# Insulating a Tongue and Groove Cathedral Ceiling



## tikitacky (Feb 3, 2013)

After scouring the internet, this thread is the closest I've come to finding someone else trying to do what we are. We just purchased a 1955 Mid-Century Modern house with vaulted cathedral ceilings. We do not want to lose the wood ceilings. Instead we would like to insulate by using 1.5" foam and installing a second T&G ceiling on top of the existing ceiling. We are in Southern California. There is no venting in the ceiling and never has been any and the wood is all in great shape. The roof of the house was put directly on top of the T&G. I am hoping someone can tell us if what we want to do is feasible. Can a second T&G ceiling be installed with no air space, directly on top of Tuff-R foam over the existing T&G ceiling?


----------



## Gary in WA (Mar 11, 2009)

CA has its own Energy code; http://www.reedconstructiondata.com/building-codes/california/

Depends on location but minimum may be R-30; http://publicecodes.cyberregs.com/st/ca/st/b1900v07/st_ca_st_b1900v07_subch9_sec001.htm Check with your local AHJ: http://www.buildingscience.com/documents/guides-and-manuals/irc-faqs/irc-faq-conditioned-attics

Gary
PS. welcome to the forums!


----------



## tikitacky (Feb 3, 2013)

*Regulations regarding insulating T&G ceiling*

Thank you for the welcome! 

I wasn't clear on what I meant about "able to". It was the housing inspector who suggested such a method of insulating so it is allowed as far as building regulations go, however I cannot find anything on the internet about anyone else having done this and if there are any issues inherent with installing a second T&G directly on top of the original one separated only by 1.5 of foam insulation. Does anyone have any personal insight or knowledge of doing this? BTW: the house is built on slab.


----------



## joecaption (Nov 30, 2011)

How exactly would you ever nail it up there?


----------



## tikitacky (Feb 3, 2013)

Personally? I would not. But the building inspector presented this option when he recommended we insulate and we explained to him that we did not wish to cover the T&G cathedral ceilings in order to insulate. I assumed by his familiarity with the practice that there is a method by which it is done. I did not ask him to recommend someone to estimate the job as they're not allowed to make personal recommendations. I am here specifically to find out more about this potential solution to our lack of insulation and discover any issues we may encounter by installing a 2nd T&G on top of the existing one (with foam insulation in between). My hope is that we have a master on here that can tell me all about it.


----------



## joecaption (Nov 30, 2011)

Remove the shingles and add SIP roofing panels is one way.
(google it)
I've never seen long enough fastners to make it through T & G plus 1-1/4 foam.


----------



## tikitacky (Feb 3, 2013)

The roof is new and we don't want to take it off to insulate. So it sounds like we will have to wait for 20 years until it's time to replace the roof and insulate then. I wonder why the home inspector suggested it as something that was fairly standard. Odd.


----------



## joecaption (Nov 30, 2011)

Can you post a picture of what's there now?
Thinking outside the box it may be possible to add SIP's on the inside of the ceiling, then you would have something to attach the new ceiling to.
May want to contact a company like this and get some ideas.
http://www.raycore.com/


----------



## tikitacky (Feb 3, 2013)

Sure, I'd be glad to. I will take some on Wednesday and post them. Thanks.


----------



## Gary in WA (Mar 11, 2009)

If he was a building inspector with a county/city, he should have also mentioned the R-value required for your specific area. 

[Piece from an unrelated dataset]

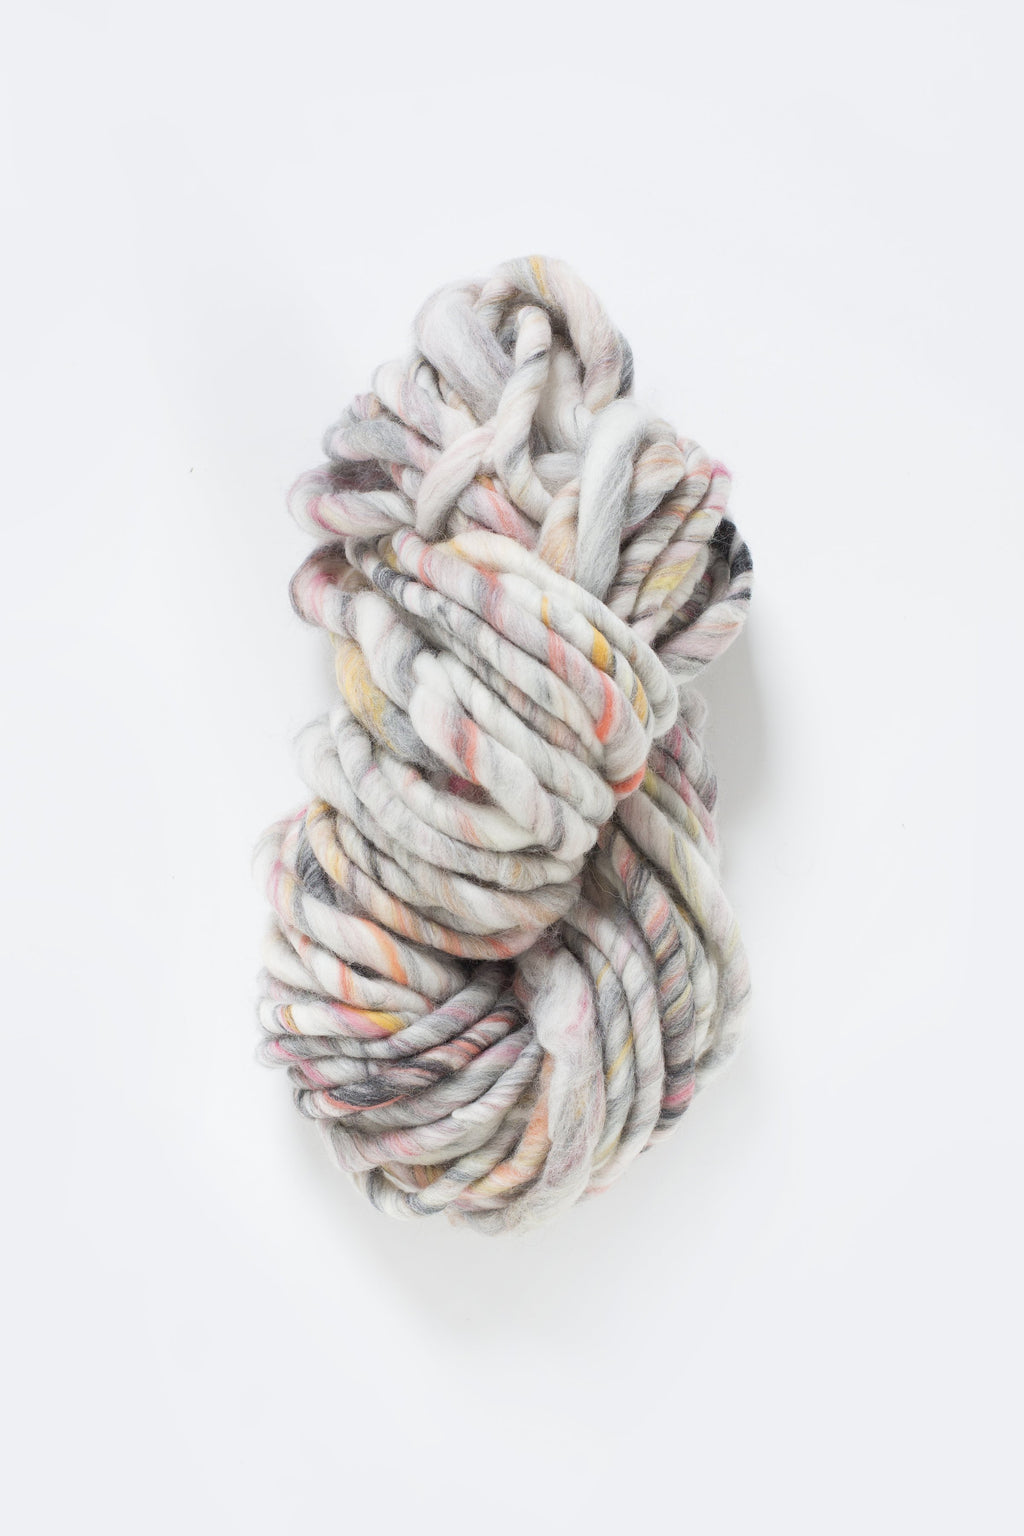 Wanderlust in Free to Be - super bulky and chunky handspun yarn by knit collage

"In Zones 1 through 3, open cell (vapor permeable) foam can be used successfully to enclose building spaces with moderate or dry interior humidities. In higher interior humidity spaces, closed cell foam or other roof designs are recommended." Taken from; see/read about Fig. 8: http://www.buildingscience.com/documents/digests/bsd-115-wood-pitched-roof-construction?full_view=1

Without having the added cavity insulation, your situation is slightly different than these test results; http://www.buildingscience.com/documents/reports/rr-1001-moisture-safe-unvented-wood-roof-systems

Before I explain further, where are you located? Nearest large city... 
What is the humidity reading in the room most of the year? 

Gary


----------